Are you riding Western or English?

If riding English then you should be posting or sitting in. 
Standing to the trot is only necessary when going uphill to relieve your body weight on the horse's back. 
When trotting downhill there is additional stress on the horse's ligaments and it is to be avoided.Go back to walk.

As your muscles develop you should be able to stand in the stirrups but you'll need stronger lower back and abdomen muscles. Wait for them to develop. 

On an English saddle, as an aid to standing, tie a shoelace across from the two rings usually sewn into the saddle up by the pommel over the wither. Then you can slip your thumbs behind the laces to help you balance. But the lace is a balancing aid not a lever. 
Using the lace might also help you keep your hands still and from jerking the horse's mouth.

Ramzi, I would suggest you got a friend who rides English already to help you. You might need more help with the trot and someone standing by you and the horse can see what the difficulty might be.

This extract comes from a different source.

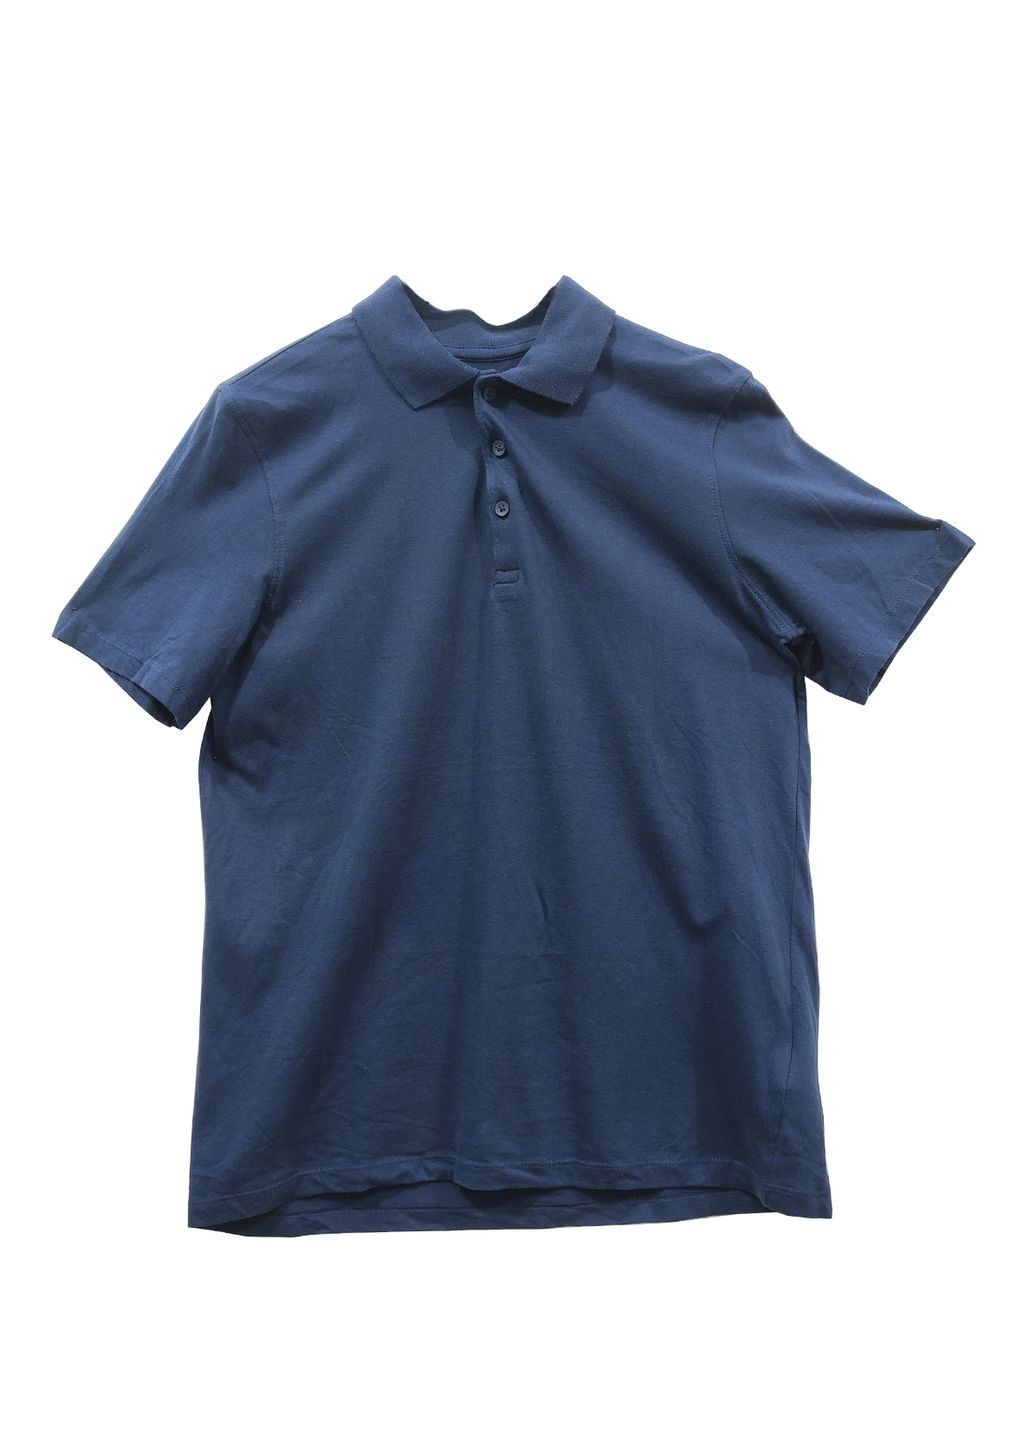 Синяя детская футболка-поло для мальчика H&M

Of course if you are riding Western, then you've got that horn and probably the horse will do a slow gentle "lope" instead of trotting.

Barry G


----------



## riccil0ve (Mar 28, 2009)

Are you trying to stand or two-point? There's a difference. Also, are you balanced while posting? You will have to master the post first, and then work on your two point. Whether you are riding english or western, I still think it's a good idea to be able to post and two point. Once you are solid in your posting and two point, that is, you are balanced, and you can maintain a steady contact with the bit, you can work on double posting. To post, you sit one stride, stand one stride, sit one stride, etc. To double post, you sit two strides, stand two stride, sit two strides, stand two strides. Two point will help you position your leg where it should be, and double posting will help you keep them there. If you fall back, your legs are too far forward, and if you fall forward, your legs are too far back.


----------



## mls (Nov 28, 2006)

ramzi said:


> I have a problem standing up in my stirrups while trotting! how do i keep balance?! i always find myself falling forward or backward...:-|


Make sure you have weight dropped into your heels.


----------